The Economy and the Southern Baptist Convention. Given that the Cooperative Program is a residually-funded mechanism for funding SBC ministries, it is not immune to these budgetary realities. The messengers to almost every state convention voted to continue forwarding the same percentage of Cooperative Program receipts to the SBC that their states forwarded the previous year. Some states actually voted to increase the percentage that is forwarded to the SBC. However, the net effect is that, given the reduced budget expectations of the state conventions, the SBC will receive significantly less from the states in 2010 than it received in 2009. In a very real way, when the churches suffer financially, the states share in their suffering. When the churches and the states suffer, the SBC shares in their sufferings as well.

The state conventions have shown fiscal prudence and wisdom in adopting budgets more in line with what the historical trend of church contributions to the Cooperative Program shows (down from over 10 percent in 1990 to just over 6 percent in 2008). The SBC also follows a fiscally prudent budgetary process. In any given year, the SBC adopts a budget goal for the following year equal to the previous year's actual receipts. This plan seeks to minimize the financial fall-out sustained when the nation experiences an economic crisis. However, even given fiscal responsibility, no budget process could account for the size and the breadth of the economic melt-down of 2009.

"The economic downturn is forcing many churches to become more volunteer-driven organizations focused on helping the hurting in times of need," Stetzer said. "But churches have not yet joined the broader economic recovery and, historically, they tend to recover financially when unemployment decreases," which has not yet happened, "and usually after the economy as a whole" has recovered.
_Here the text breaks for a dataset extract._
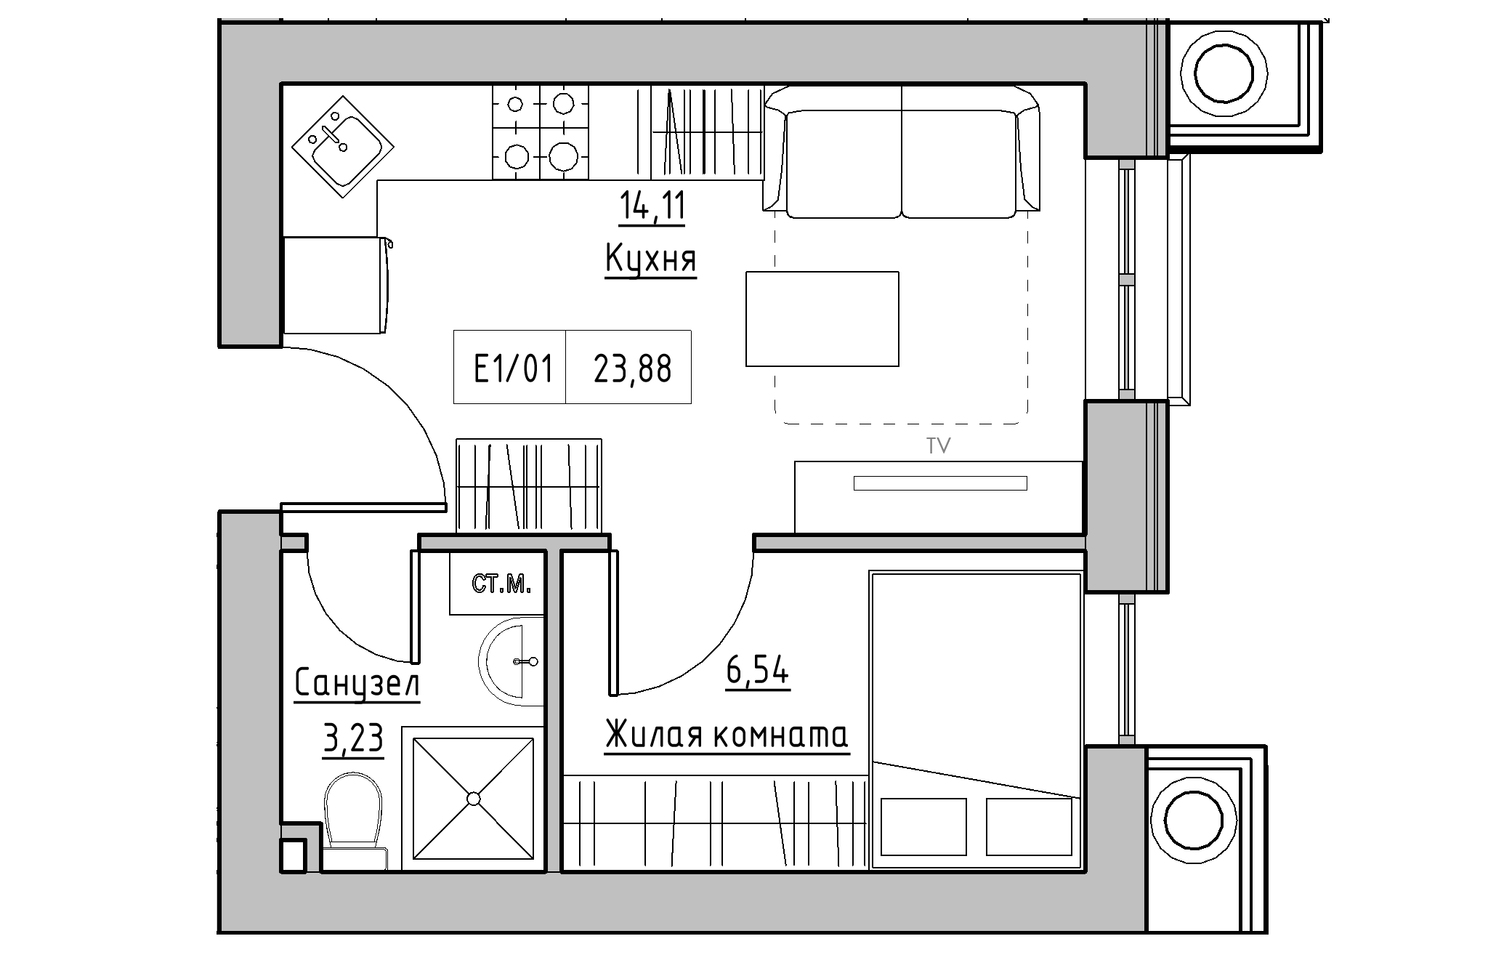 Планировка 1-к квартира площей 23.88м2, KS-010-03/0011.

In analyzing the state convention budgets, the cumulative "trickle-down" impact of church giving takes on immense proportions. Though the churches continue to support the ministries of the Convention, Bob Rodgers observed, "The churches in the SBC have voted, through their respective state conventions, to approve and adopt a giving plan for 2010 that will result in IMB receiving about $8.5 million less from the CP, NAMB will receive about $3.9 million less, the seminaries will receive about $3.7 million less, ERLC will receive about $280 thousand less, and the SBC operating budget can expect to receive about $578 thousand less" than last year.
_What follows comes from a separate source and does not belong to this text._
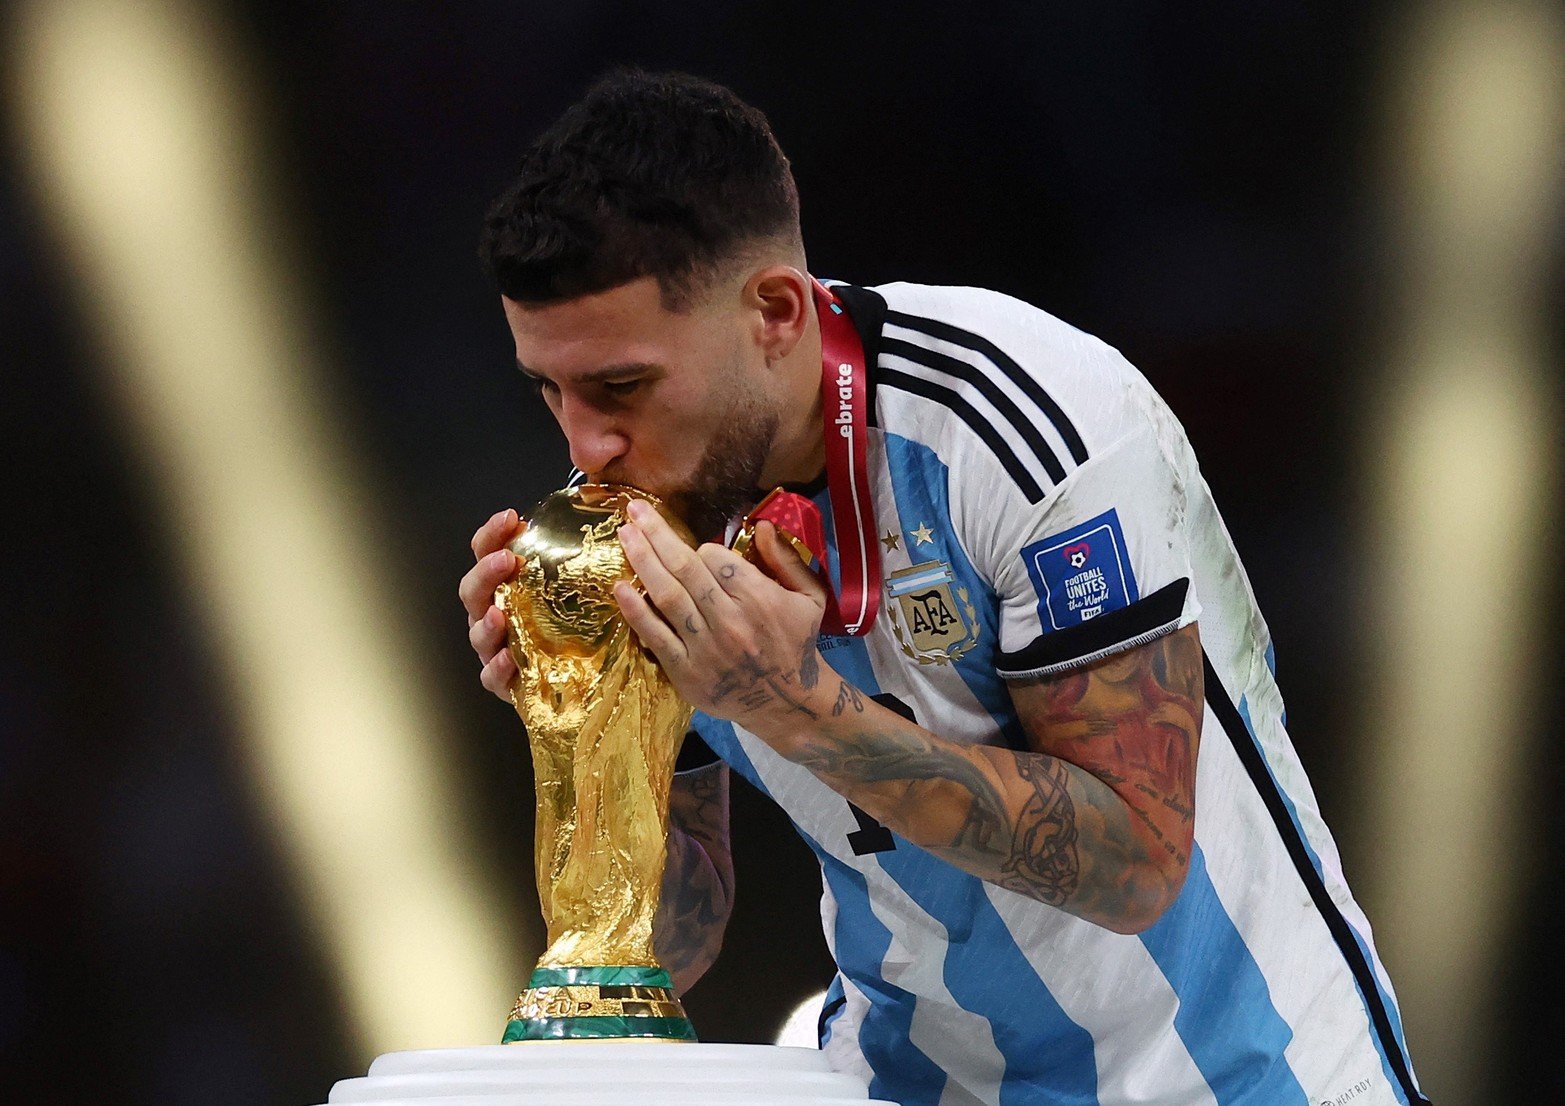 Argentina se consagró campeón del mundo en fútbol. Luego de 36 años. En 42 partidos, la selección perdió un solo partido. Fue el primero del mundial frente a Arabia Saudita.

He further noted, while words like, "consistent, reliable, predictable, cooperative, synergistic, and effective" are words which "describe why Southern Baptists have, down through the years, praised and continued to use the Cooperative Program as its ministry-funding method," the CP is not immune from the continuing economic crisis facing our nation and our world.

The Executive Committee of the SBC is charged to promote biblical stewardship and the Cooperative Program. Noting that the typical churchgoer gives less than 2.5 percent of his or her disposable income to Kingdom work, Rodgers said, "All of us, from time to time, have a tendency to treat the symptoms of a disease rather than the disease itself. We treat symptoms by reprioritizing them, reclassifying them, ignoring them." Sometimes we think that if we create "structure and organizational changes, or even throw money at them," the problems will rectify themselves.
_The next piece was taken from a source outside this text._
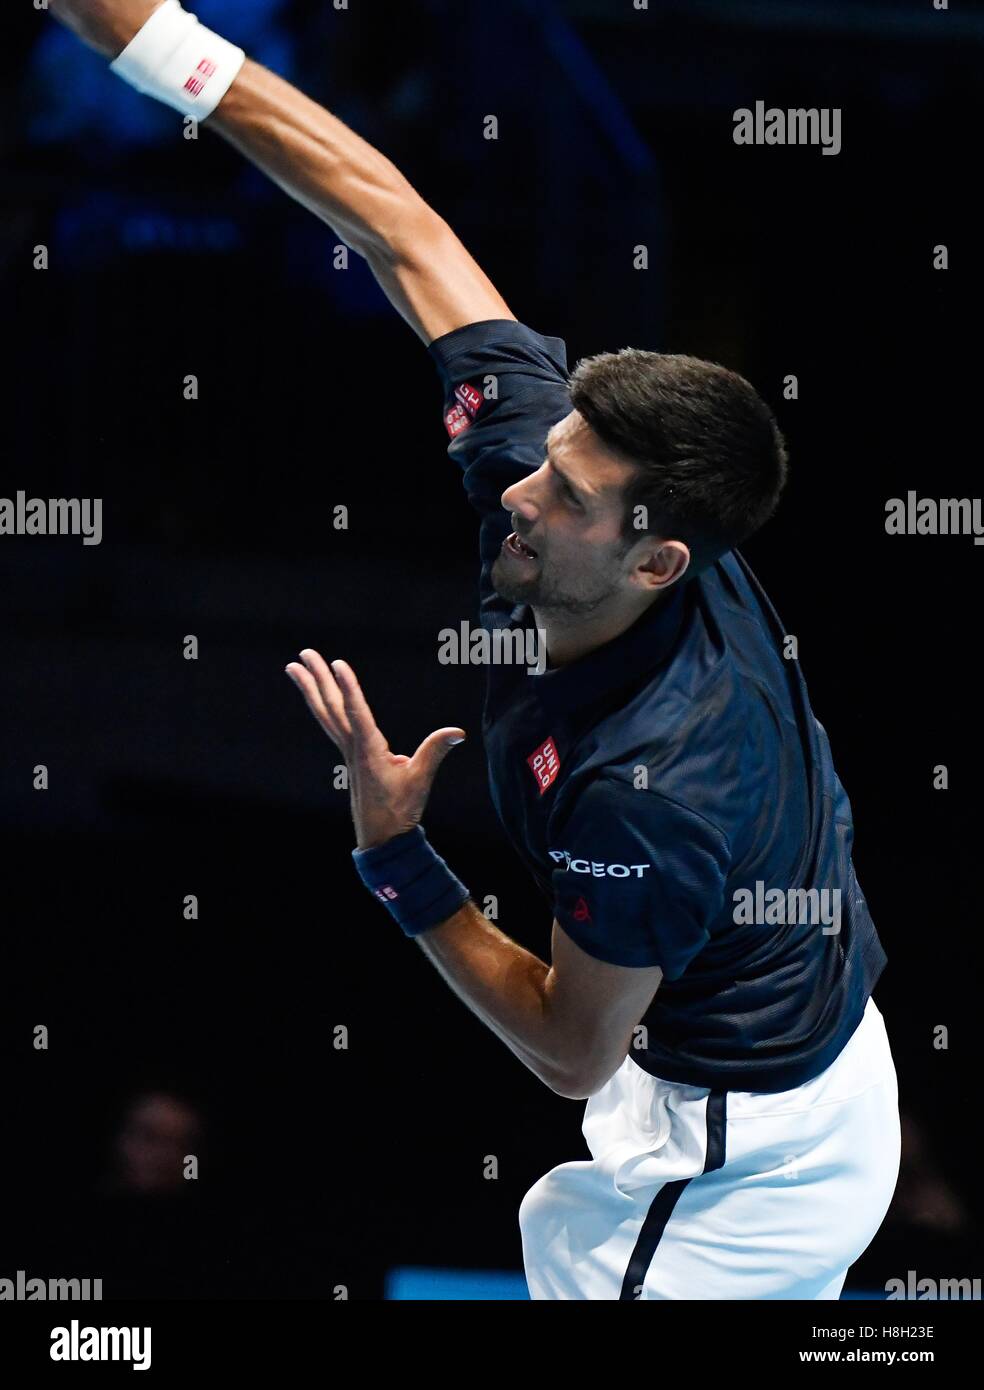 Londres, Royaume-Uni. 13 novembre, 2016. Barclays ATP World Tour Finals 02 Arena London UK Novak Djokovic SRB v Dominic Thiem AUT Djokovic en action pendant le match qu'il a gagné 2-1 Crédit : Leo Mason/Alamy Live News Banque D'Images

Rodgers observed, "The SBC funding challenges are not procedural or process problems, or problems of the wallet, but are the result of an underlying heart disease. Jesus said, 'Where your treasure is, there your heart will be also.'

"The Convention's solution for its apparent funding challenges in 2010 is to cure this individual and corporate heart disease by allowing God to move the SBC toward biblical stewardship. To this end we continue to work and pray."